Sechs Tote und 17 Verletze : Rebellen stürmen Tschetscheniens Parlament

Moskau (RPO). Separatisten haben in der russischen Kaukasusrepublik Tschetschenien am Dienstag das Parlament sowie das Landwirtschaftsministerium angegriffen. Dabei wurden nach Angaben der Polizei mindestens sechs Menschen getötet und 17 weitere verletzt.

Ein Extremist brachte einen Sprengsatz am Eingang des Parlamentsgebäudes in Grosny zur Explosion und tötete sich dabei selbst, wie ein der Sprecher der tschetschenischen Polizei der Nachrichtenagentur AP sagte. Zwei weitere Angreifer seien in das Gebäude gerannt und hätten dort unter "Allahu Akbar"-Rufen das Feuer auf die Menschen eröffnet, sagte der Polizeisprecher, Ramsan Bekchojew.

Bei einem anschließenden Schusswechsel mit der Polizei wurden beide Angreifer getötet, wie Präsidentensprecher Alwi Kerimow mitteilte. In einer Meldung der Nachrichtenagentur Interfax war von Schüssen im Büro des Parlamentspräsidenten Dukuwach Abdurachmanow die Rede. Er soll in Sicherheit gebracht worden sein.

Nach Behördenangaben kamen bei dem Angriff drei Extremisten, zwei Polizisten und ein Parlamentsmitarbeiter ums Leben. Unter den Verwundeten sollen sechs Polizisten und elf Zivilisten sein, wie russische Nachrichtenagenturen berichteten.

Russischer Innenminister in Grosny

Fast zeitgleich griff eine zweite Gruppe Aufständischer das Landwirtschaftsministerium an, das im selben Gebäudekomplex wie das Parlament untergebracht ist. Auch dort kam es zu einem Feuergefecht mit Sicherheitskräften, wie die Nachrichtenagentur Itar-Tass meldete.

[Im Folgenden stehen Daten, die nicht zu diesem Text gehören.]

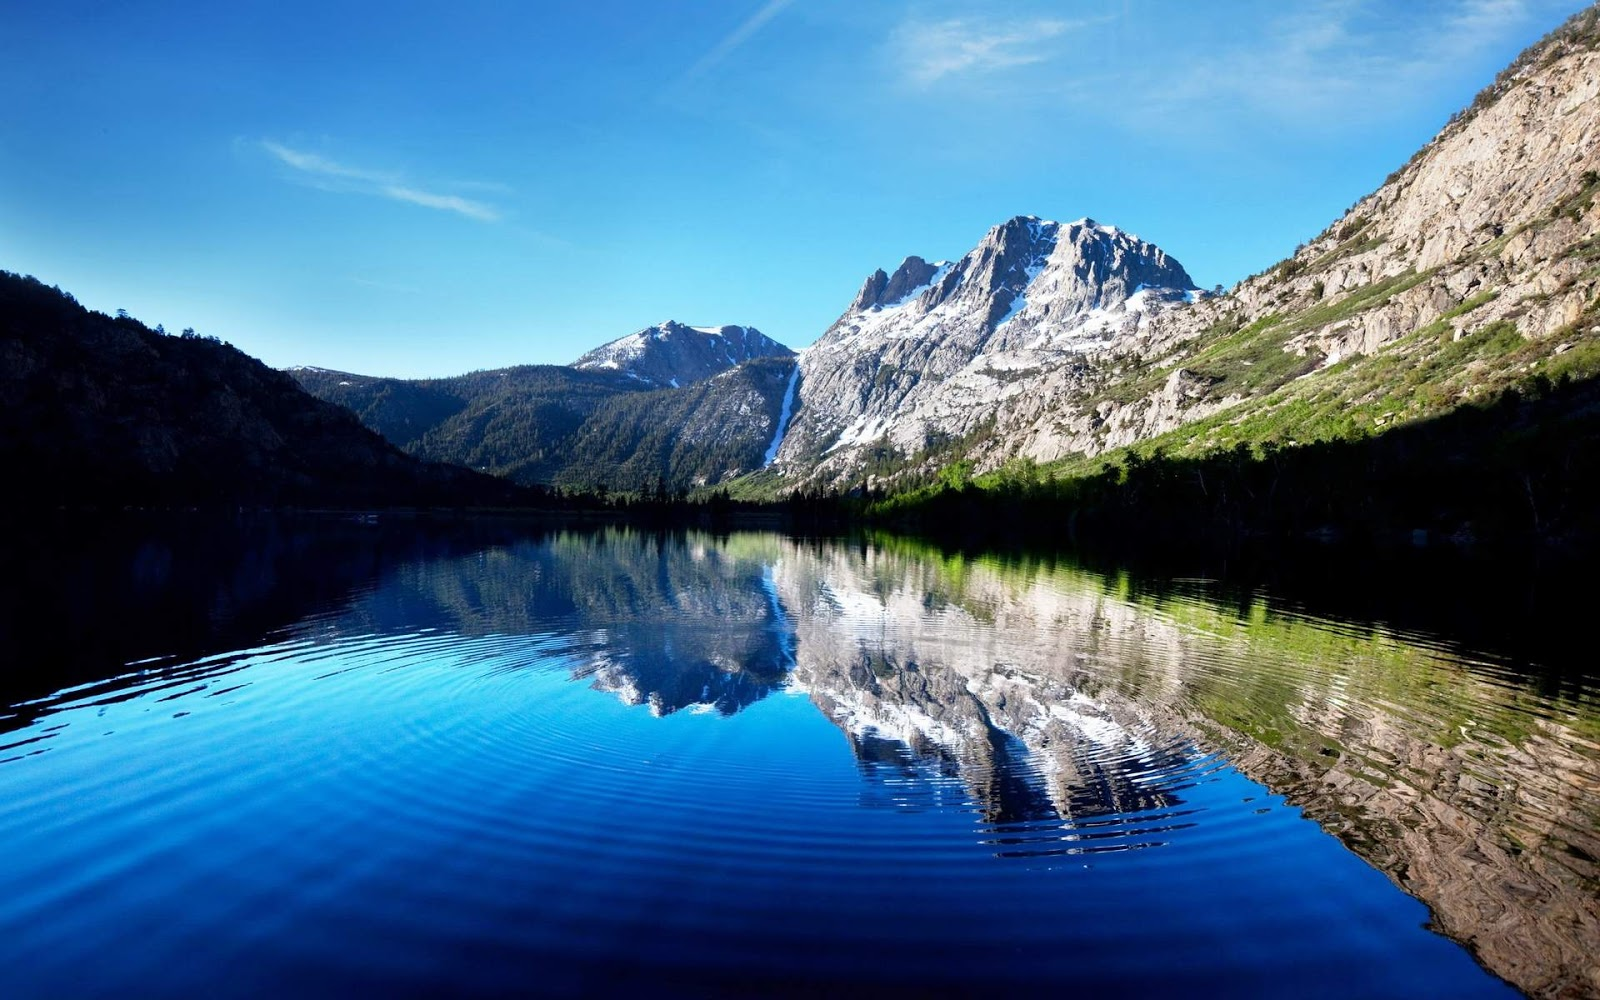 http://2.bp.blogspot.com/-qE7GQQnCLxA/T4BhQ7F79cI/AAAAAAAADUs/1M07A3ynwEo/s1600/Peace_Lake_Wallpaper_1920x1200_wallpaperhere.jpg

Russland führe in den 90er Jahren zwei Kriege gegen tschetschenische Separatisten, bevor im Jahr 2000 eine kremltreue Regierung in Grosny eingesetzt wurde. Seitdem führt die tschetschenische Regierung den Kampf gegen die Rebellen fort. Dem seit 2007 amtierendenden Präsidenten Ramsan Kadyrow wurde von Menschenrechtsorganisationen allerdings mehrfach die Beteiligung an politisch motivierten Morden vorgeworfen. Derzeit hält sich der russische Innenminister Raschid Nurgalijew in Grosny auf, um mit Kadyrow die Gewalt-Problematik zu besprechen.